Named the second seed in a regional to be hosted by North Carolina State, though, neither the three straight, season-opening losses at Stanford, or the end of its recent nine-game win streak a day earlier, created any sort of doubt.
“I think [our players] have a great deal of confidence — and it’s earned,” Vanderbilt coach Tim Corbin said. “And I think it’s an honest confidence. I don’t think it’s a confidence that is disproportionate to what we’re doing. They’ve certainly gone through a tough road to get where they have.”
Vanderbilt (33-26) will face third seed North Carolina Wilmington (38-21) Friday in the opening game of the regional, which includes top seed and host North Carolina State (39-17) and No. 4 Sacred Heart (25-30).
The Commodores charged their way into the field, which includes seven other SEC teams, with 16 victories in their last 20 games, including two in the SEC tournament over Florida, the No. 1 overall seed in the NCAA field.
Prior to that, they won just seven of 22. The three losses at Stanford kicked off a 1-7 start to the season. The conference season began with three losses at Florida in mid-March and four victories in 12 contests.

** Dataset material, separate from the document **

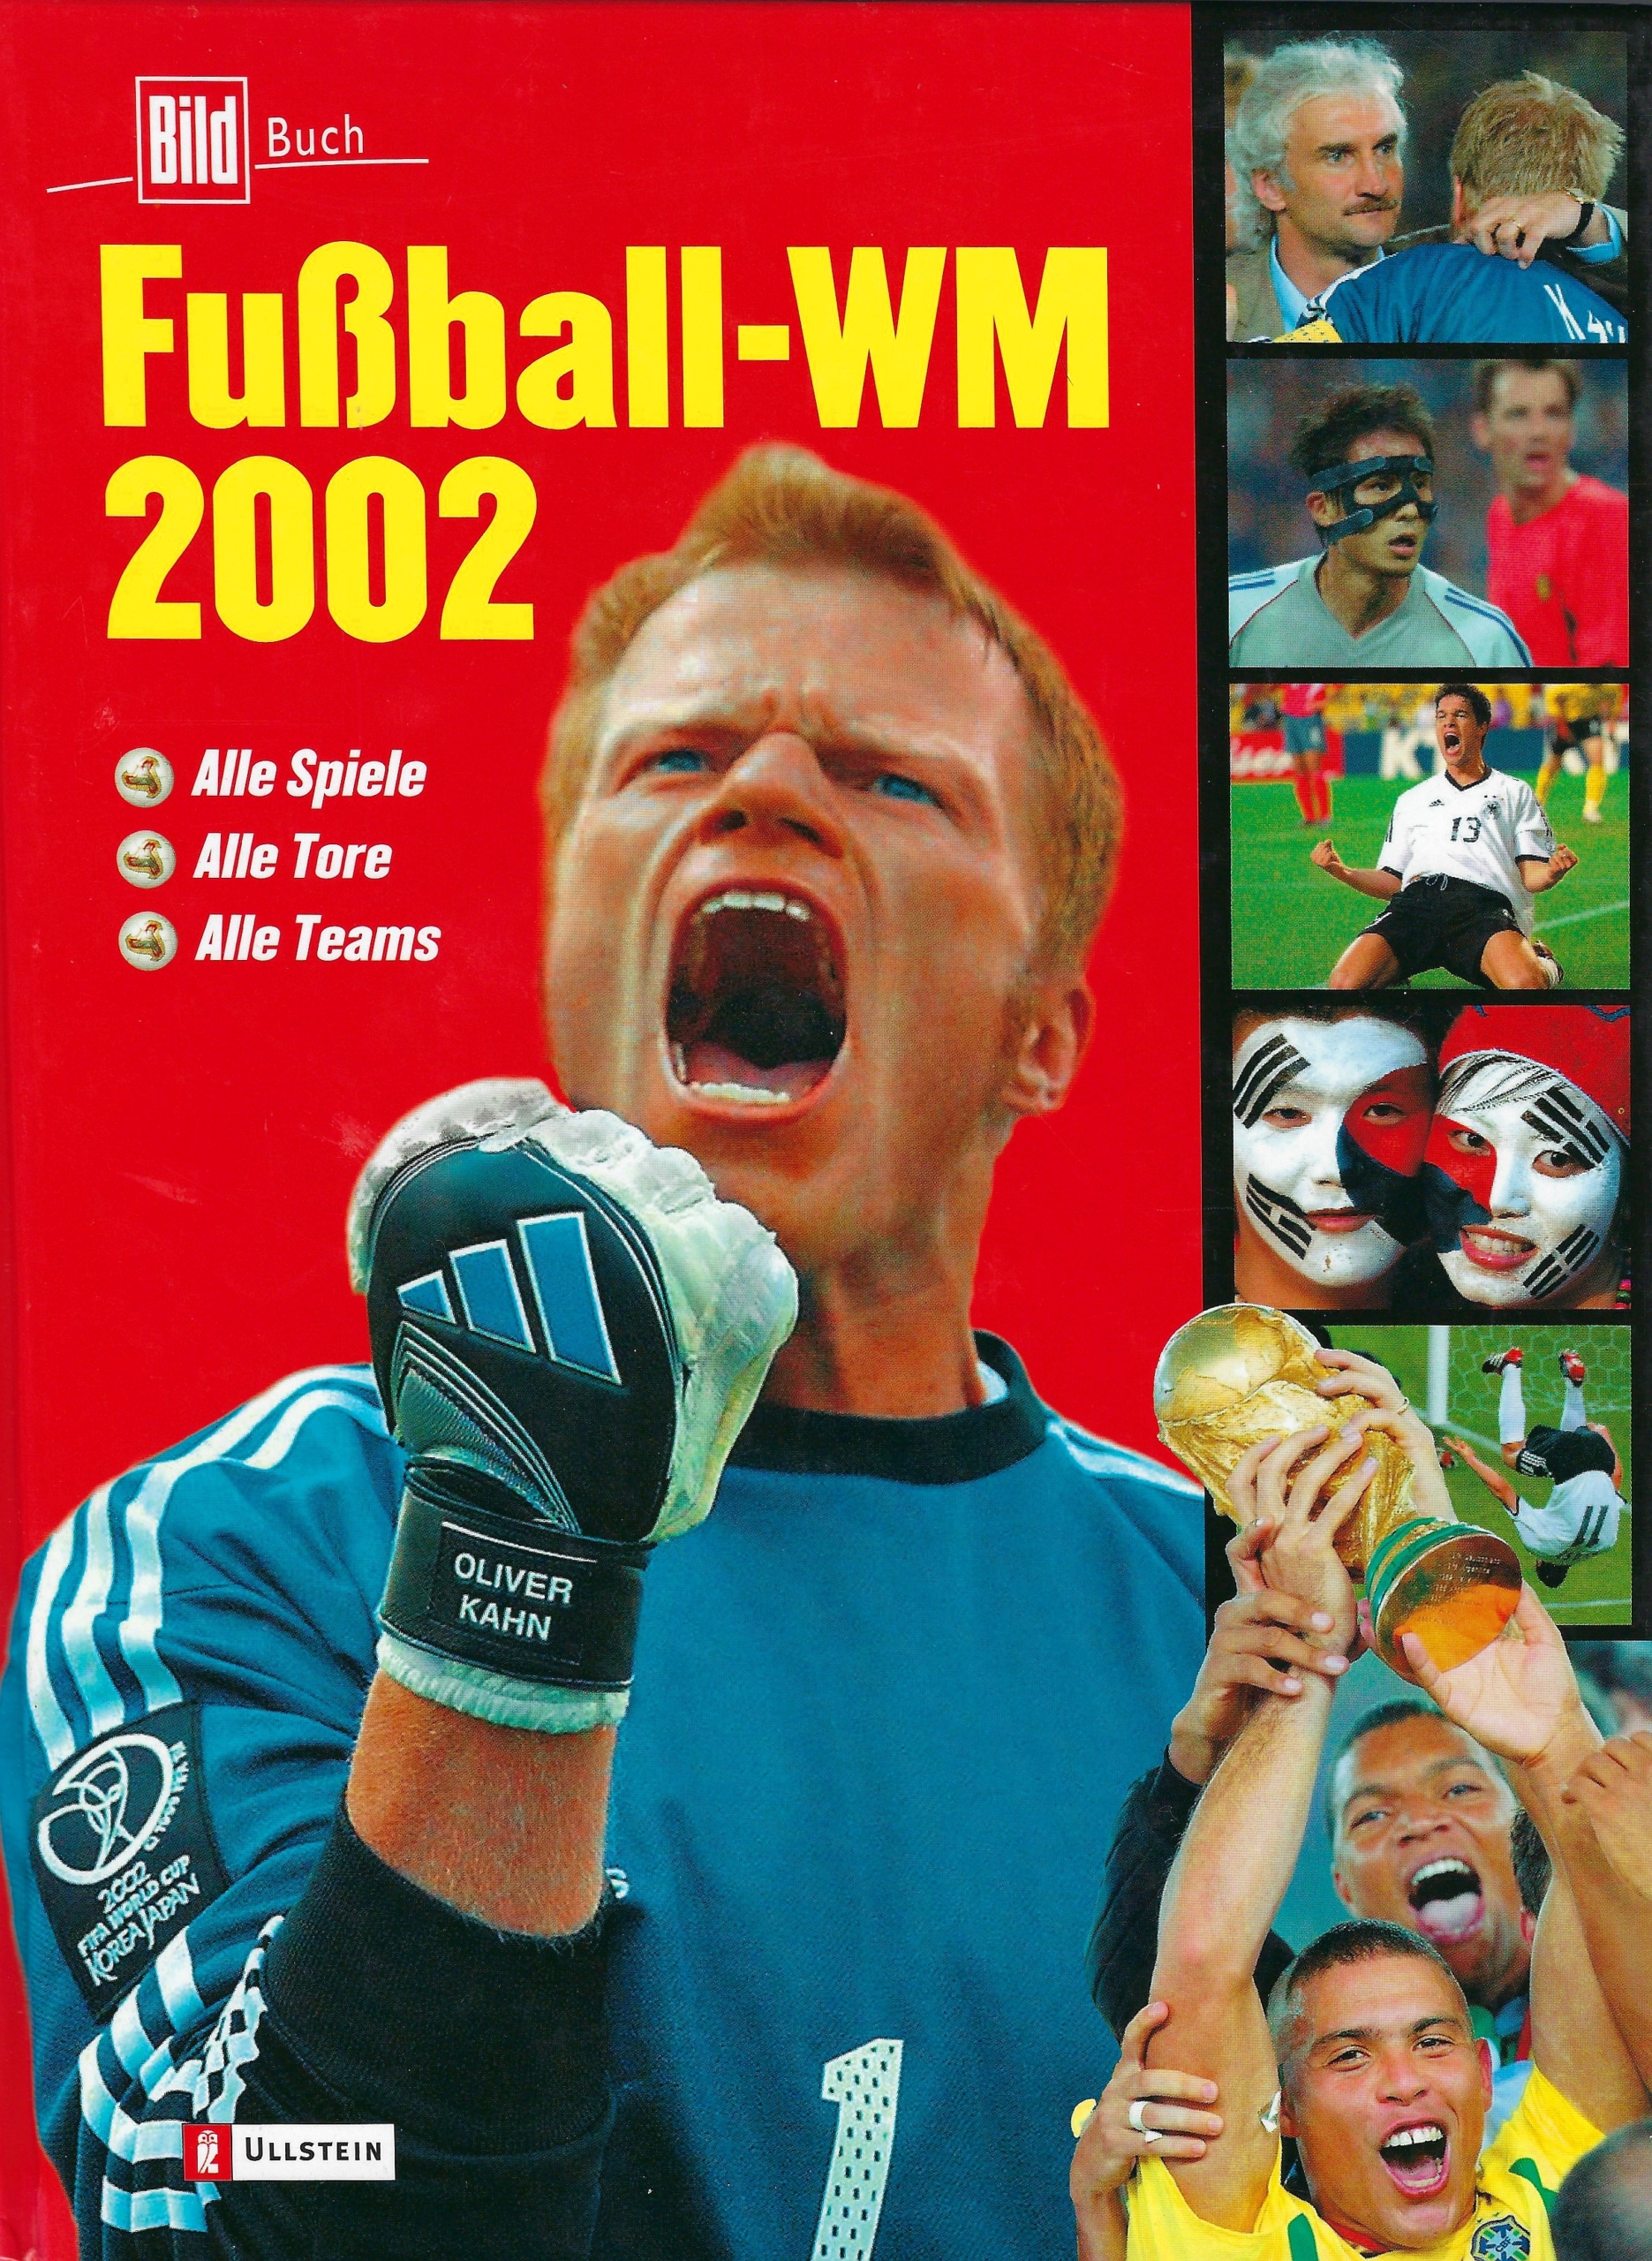  - Fuball-WM 2002 -Alle Spiele, alle Tore, alle Teams

“There was a point where we were 7-15 and people were saying, ‘Do we actually have a shot [to make the NCAA tournament]?” right fielder Mike Yastrzemski said. “It’s just a credit to our personality. A lot of the guys on the team are real positive and we stuck with each other.
“After such a tough start to the season everyone’s just playing loose and fun — and that’s the best way to play.”

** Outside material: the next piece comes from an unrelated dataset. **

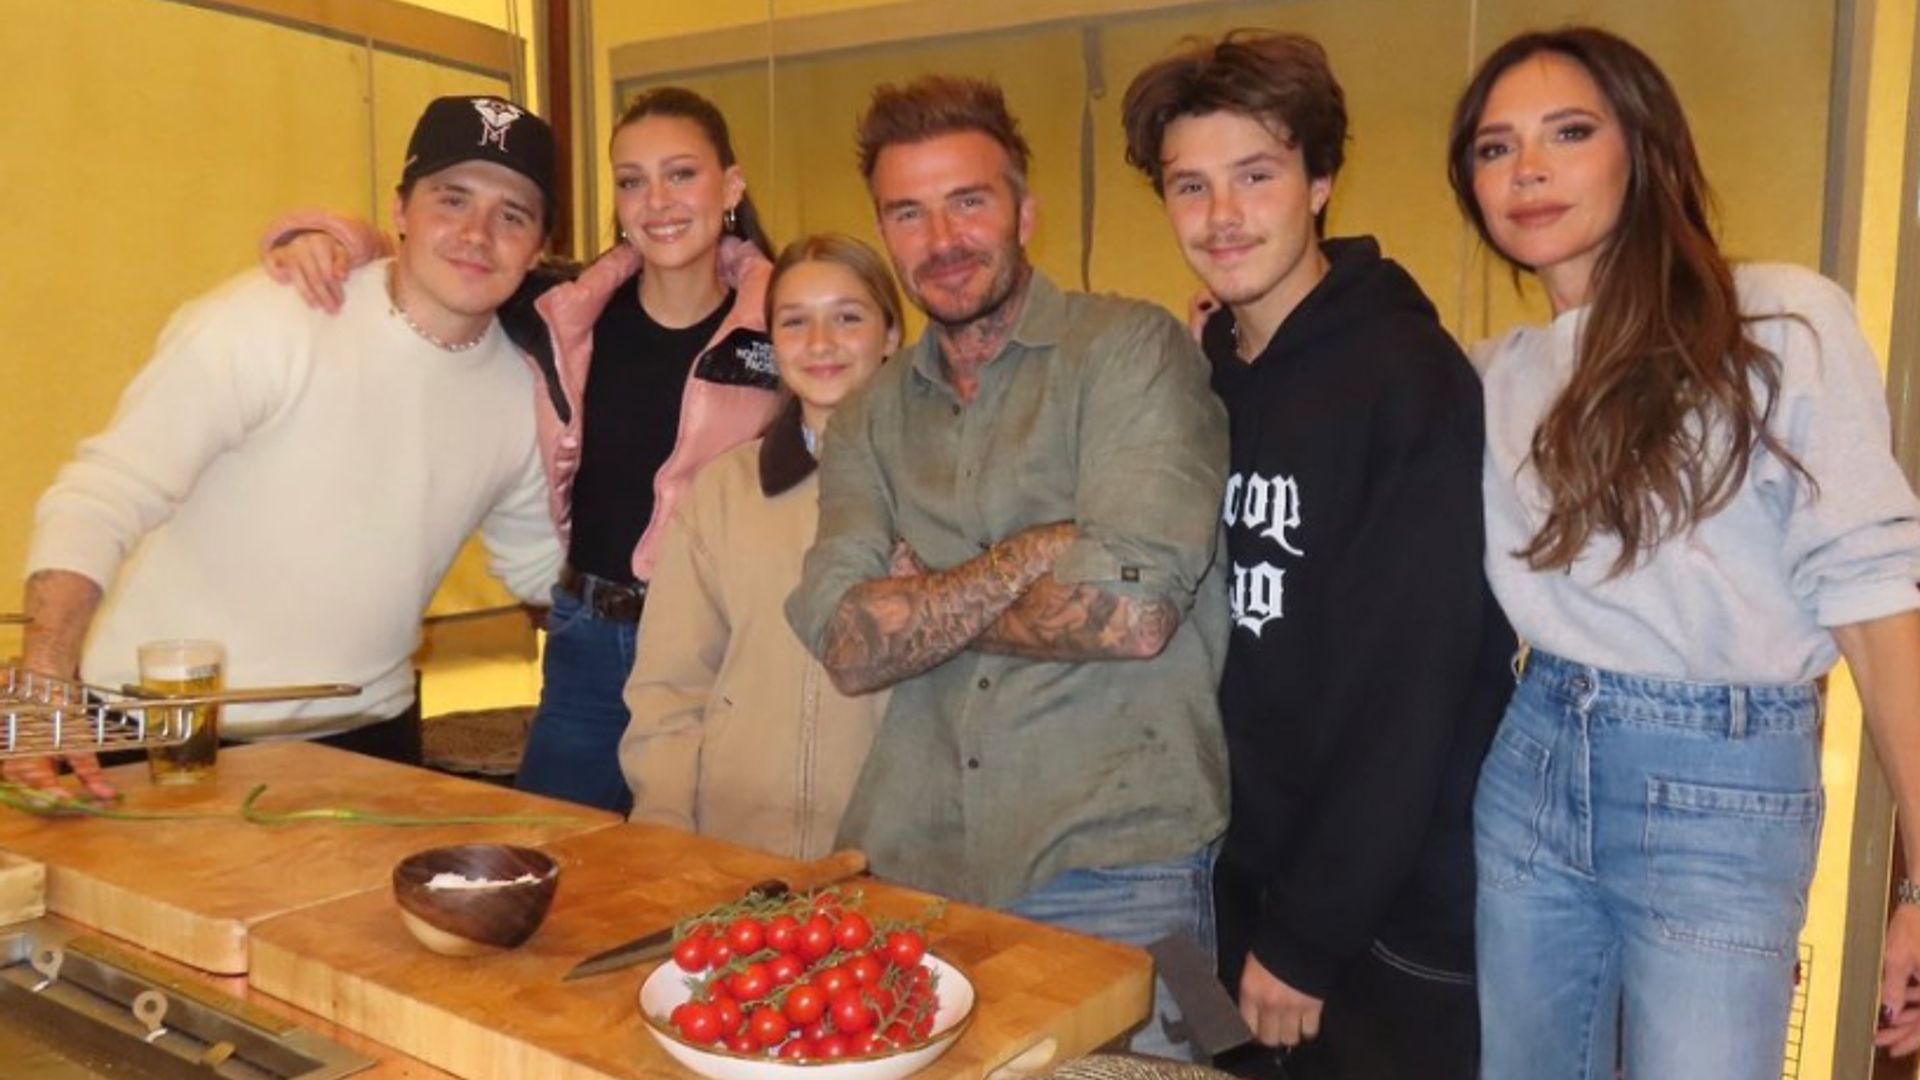 Brooklyn Beckham standing with Nicola Peltz, Harper Beckham, David Beckham, Cruz Beckham and Victoria Beckham in front of food

This, of course, is the best time of year to play.
The Commodores are in the NCAA tournament for the seventh straight year and seek their third straight regional title. Anyone who had seen them play at Stanford might not have envisioned that streak would continue — or that they would have shown up in the conference championship game.
“I think we kind of understand our identity a little bit and understand our personality and what we do well,” centerfielder Connor Harrell said. “I think we’re going to use that to move forward and take into this weekend
“And I think we’re confident in that.”
A look at the other teams in the Raleigh, N.C. regional:
• North Carolina State is hosting for the third time overall, the first since 2008. Carlos Rodon (9-0, 1.46 ERA), the ACC pitcher of the year and freshman of the year, is the ace of a staff that had a 3.29 ERA and held opponents to a .226 average. Another freshman, Trea Turner leads the nation with 55 steals (in 59 attempts).

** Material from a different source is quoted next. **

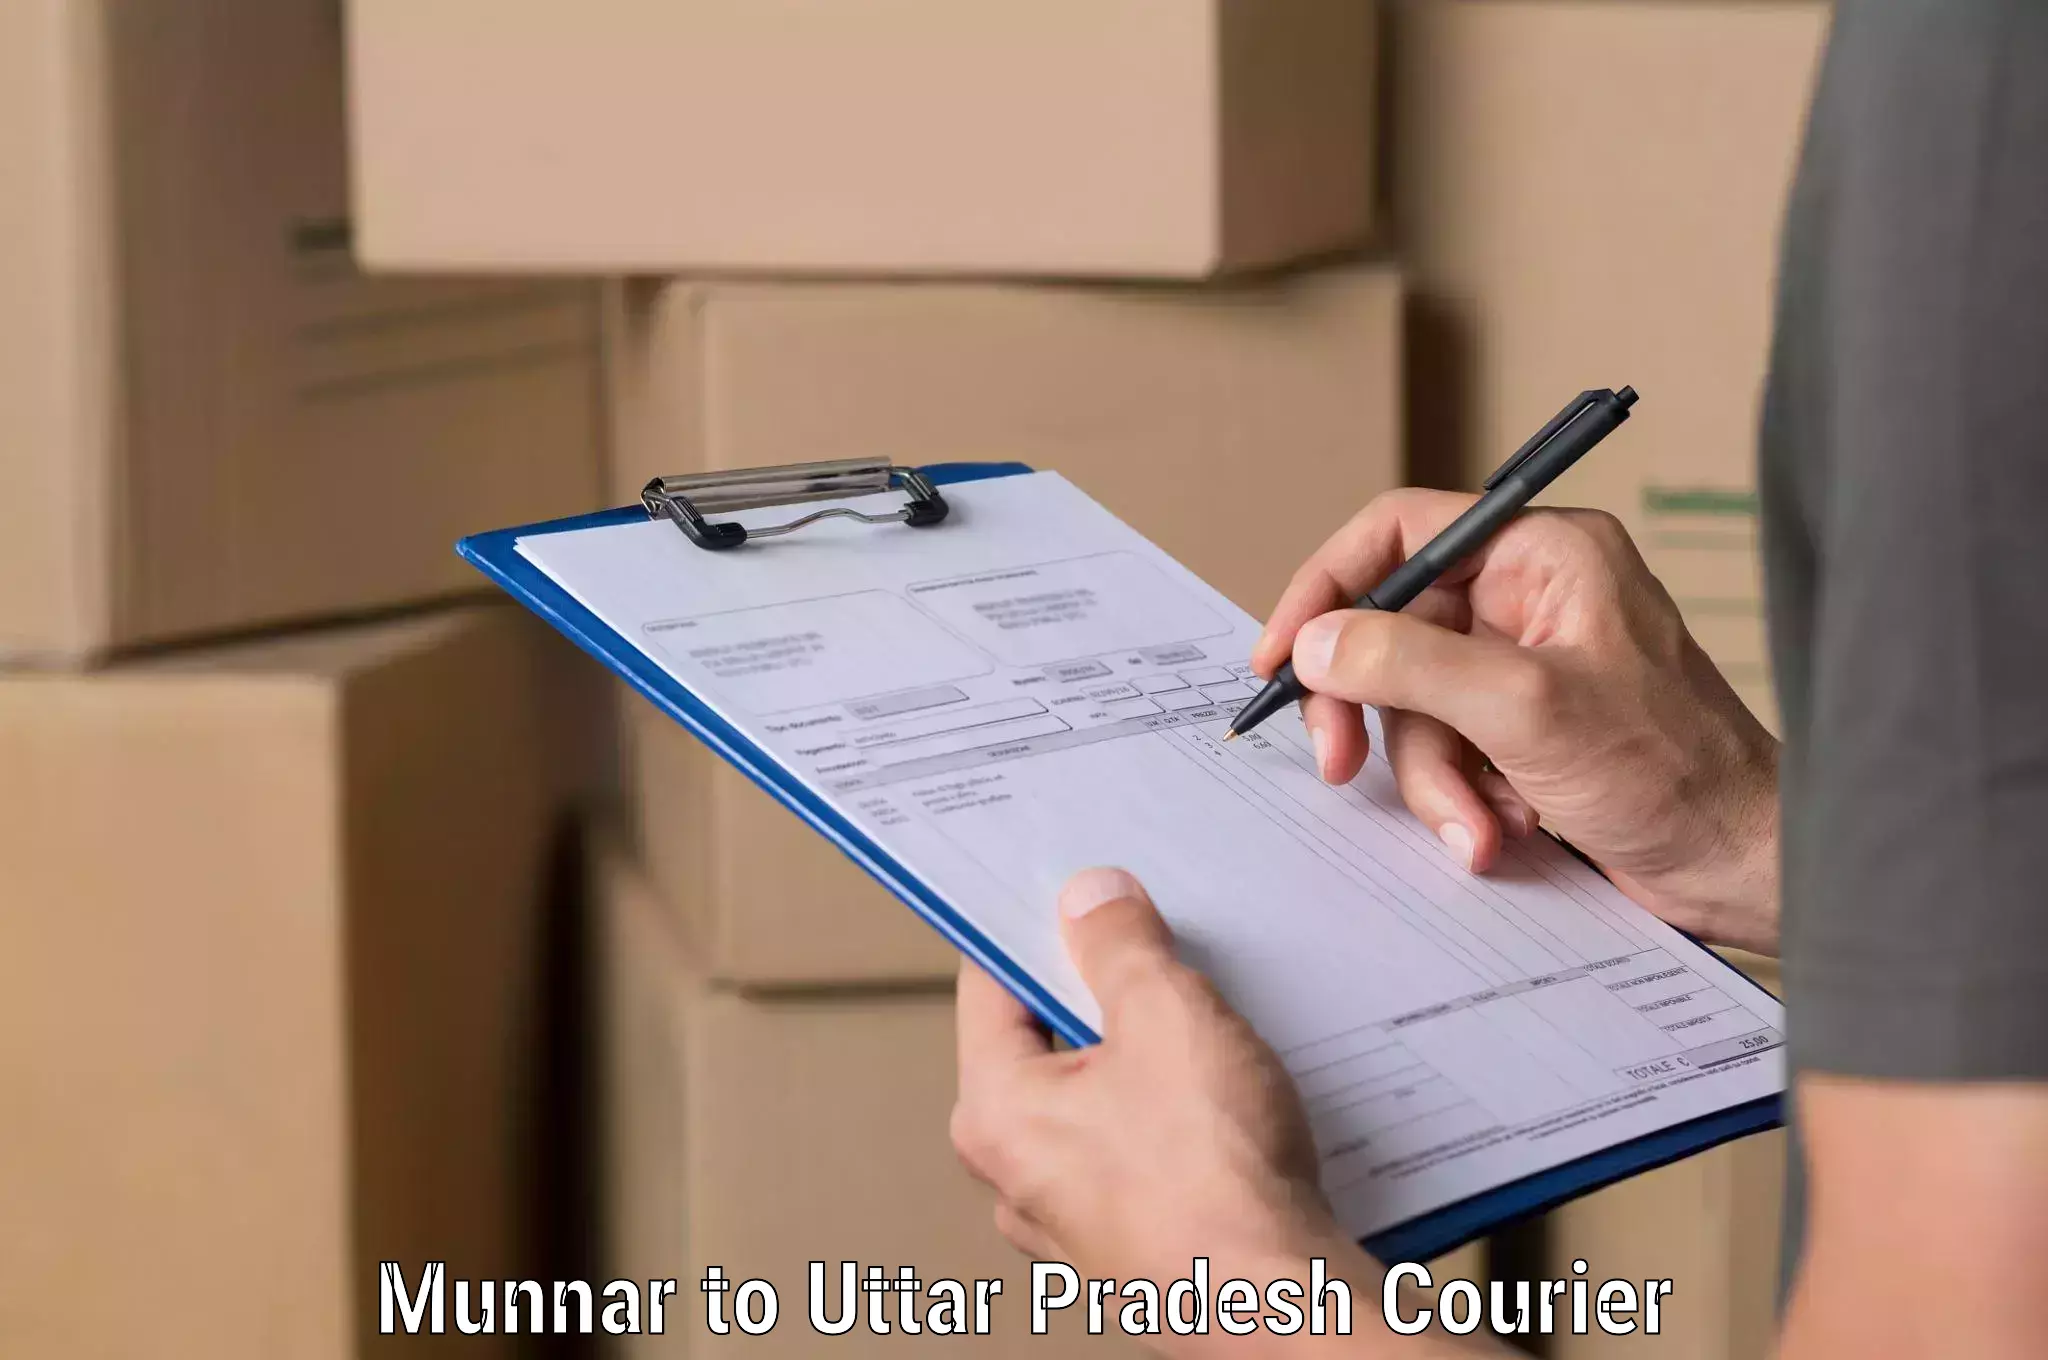 User-friendly courier app Munnar to Sultanpur Avadh

• North Carolina-Wilmington is the Colonial Athletic Association champion and is in the NCAA tournament for the first time since 2008. Andrew Cain, a 6-foot-6 senior outfielder, has both power (nine home runs) and speed (20 stolen bases). Thomas Pope, a 5-foot-9 senior outfielder, has a .374 batting average. The pitching staff had a 3.39 overall ERA.
• Sacred Heart is the Northeast Conference champion and are in the NCAA tournament for the second straight season. The Pioneers have just 10 home runs as a team but have three starting pitchers, led by Troy Scribner (65 strikeouts, 17 walks in 84.2 innings), that are .500 or better. The rest of the staff is a combined 8-16.